(Beginning of DATA PROVIDED)

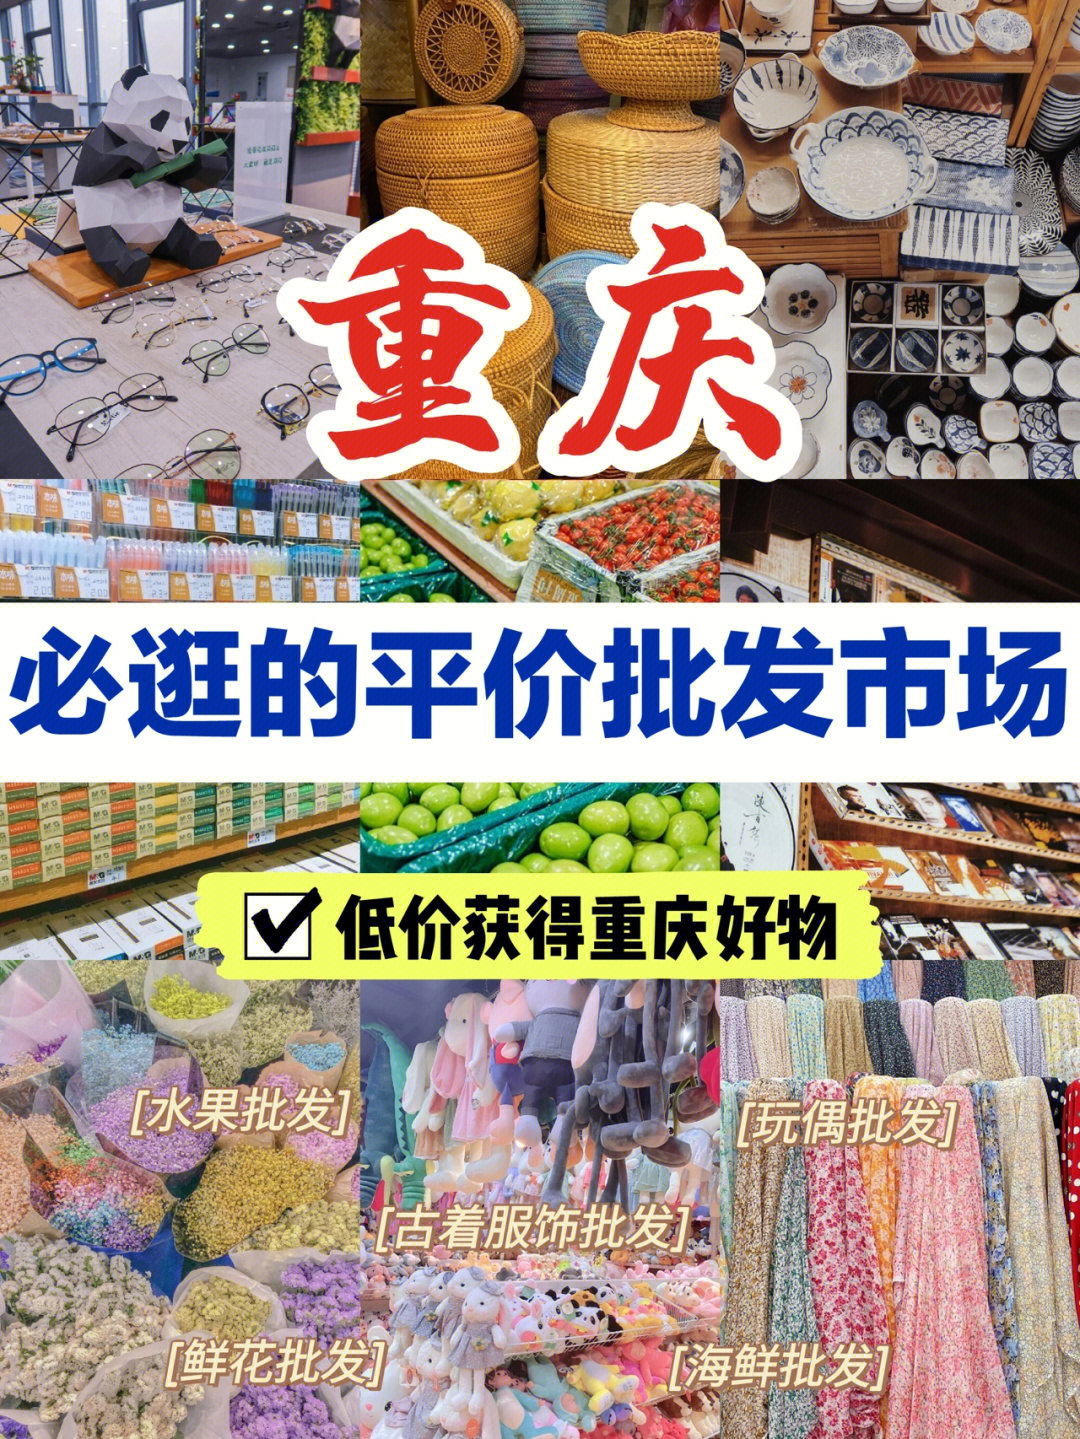 16615朝天门布料批发市场99地址:新重庆国际小商品批发中心1
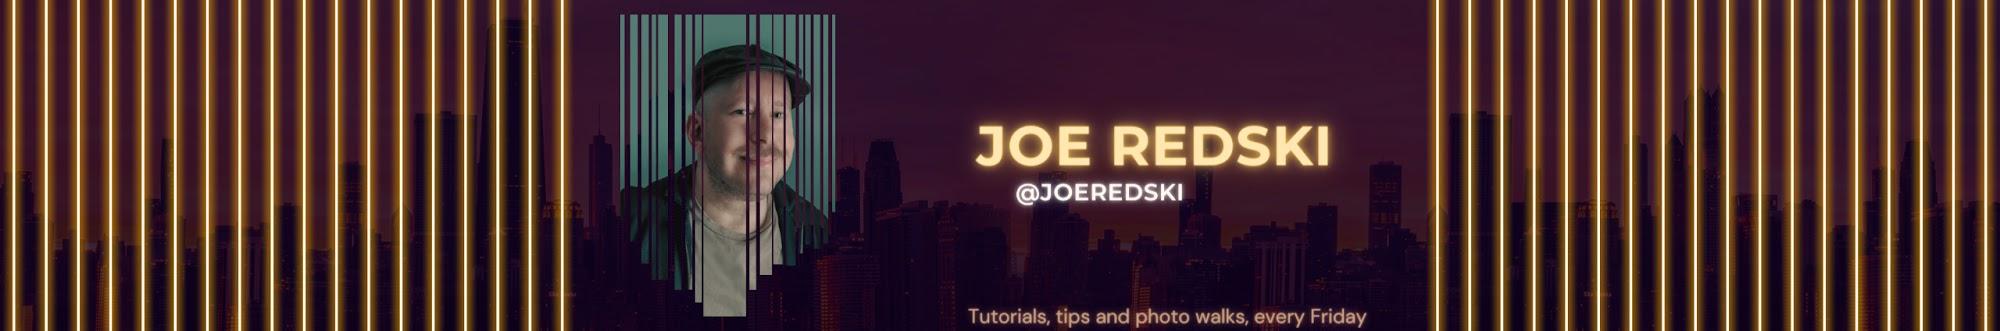 Joe Redski
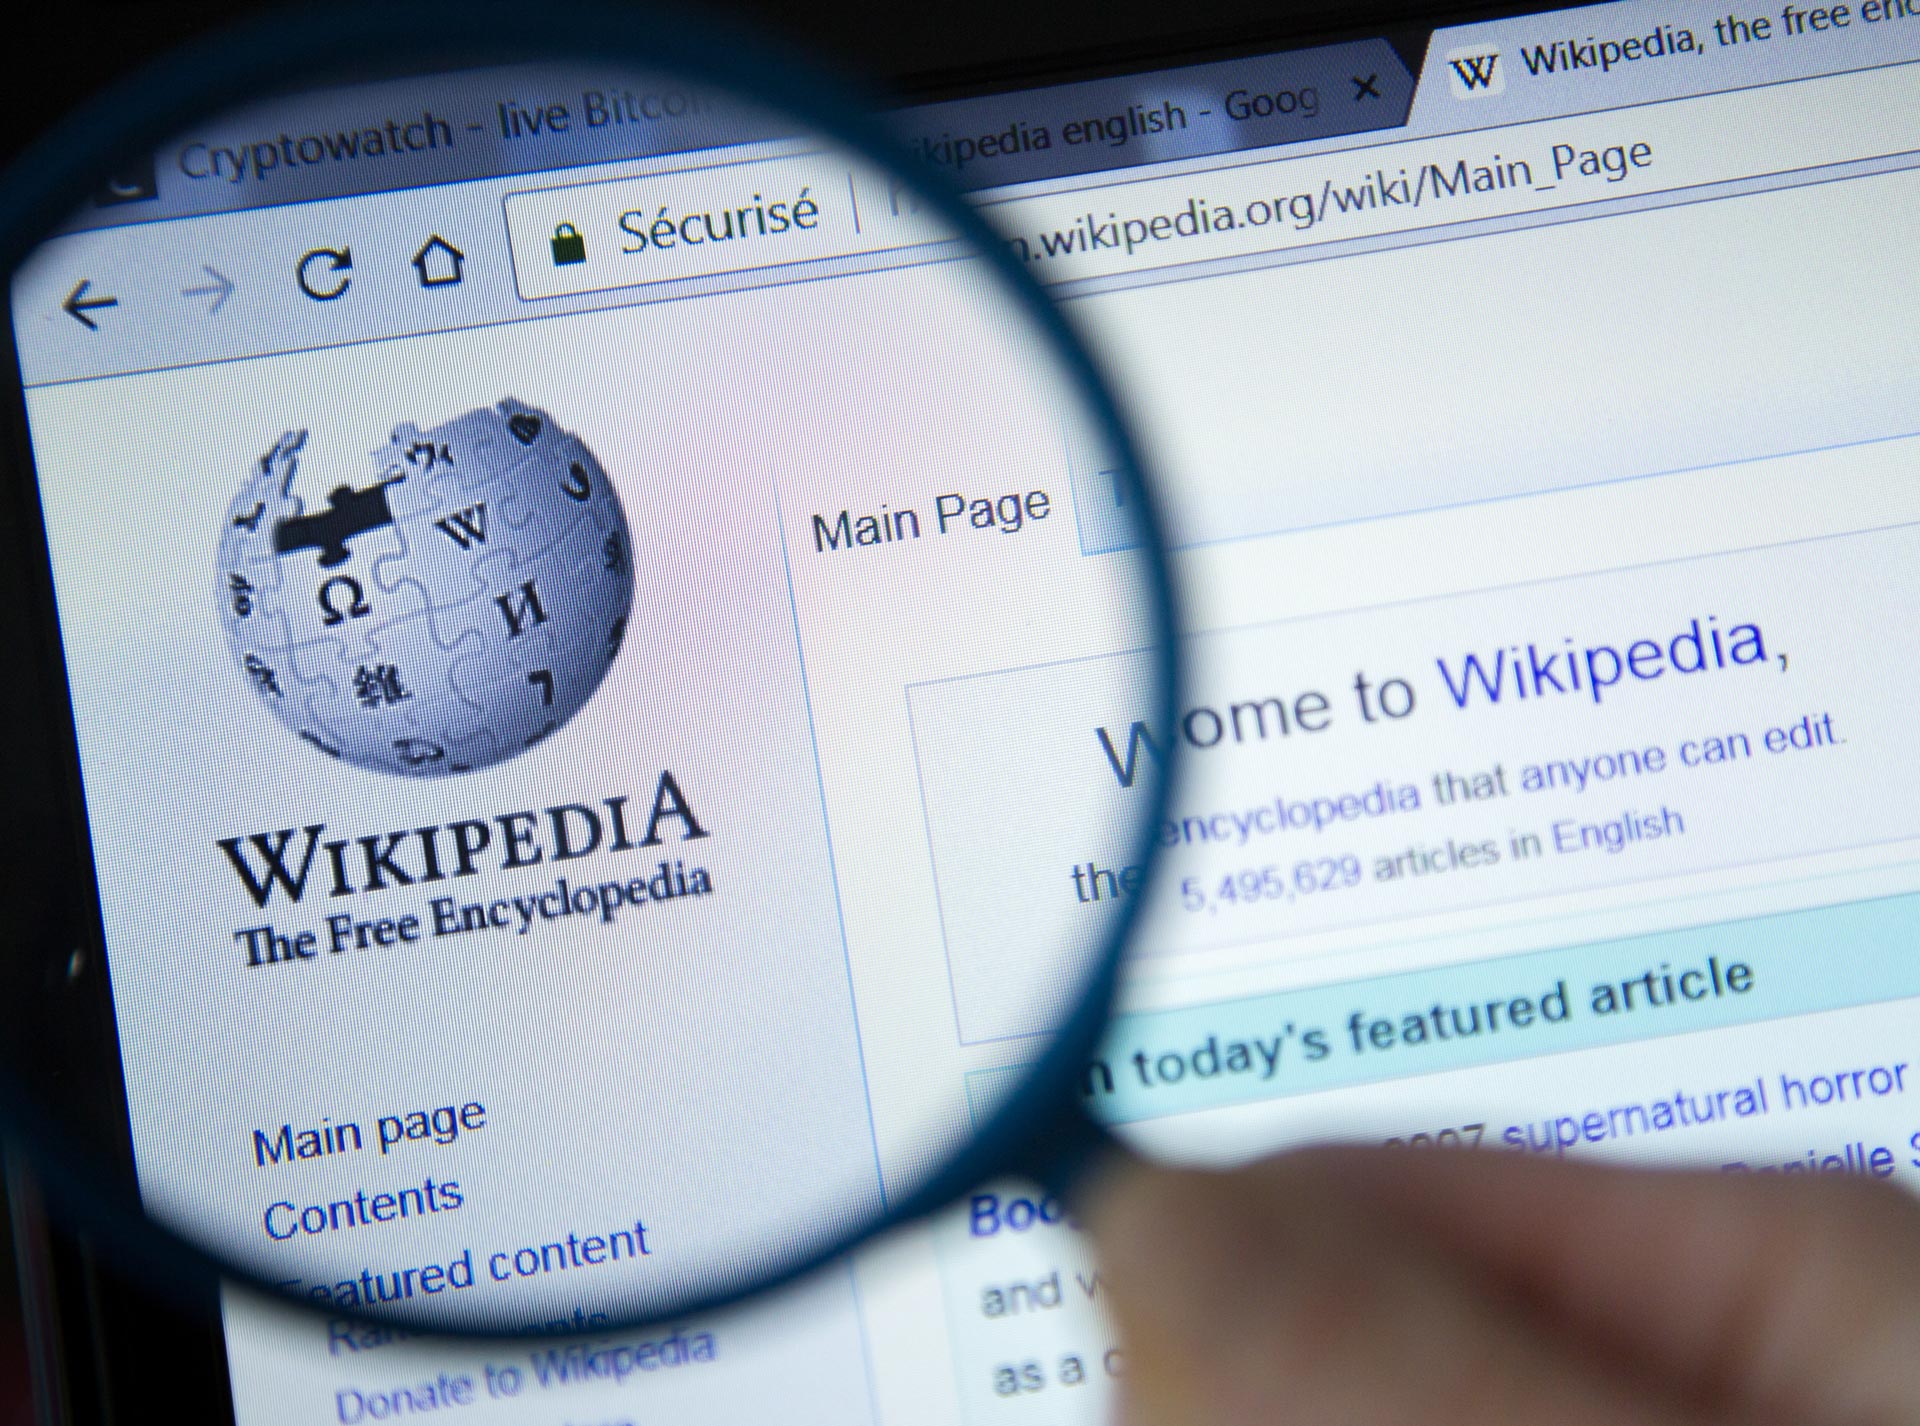 Denial-of-service attack - Wikipedia

(End of DATA PROVIDED)

-- REQUIRED WORK --
The data shown above must be printed again exactly, with no images included.

-- OUTPUT FOR THIS TASK --
 16615朝天门布料批发市场99地址:新重庆国际小商品批发中心1
 Joe Redski
 Denial-of-service attack - Wikipedia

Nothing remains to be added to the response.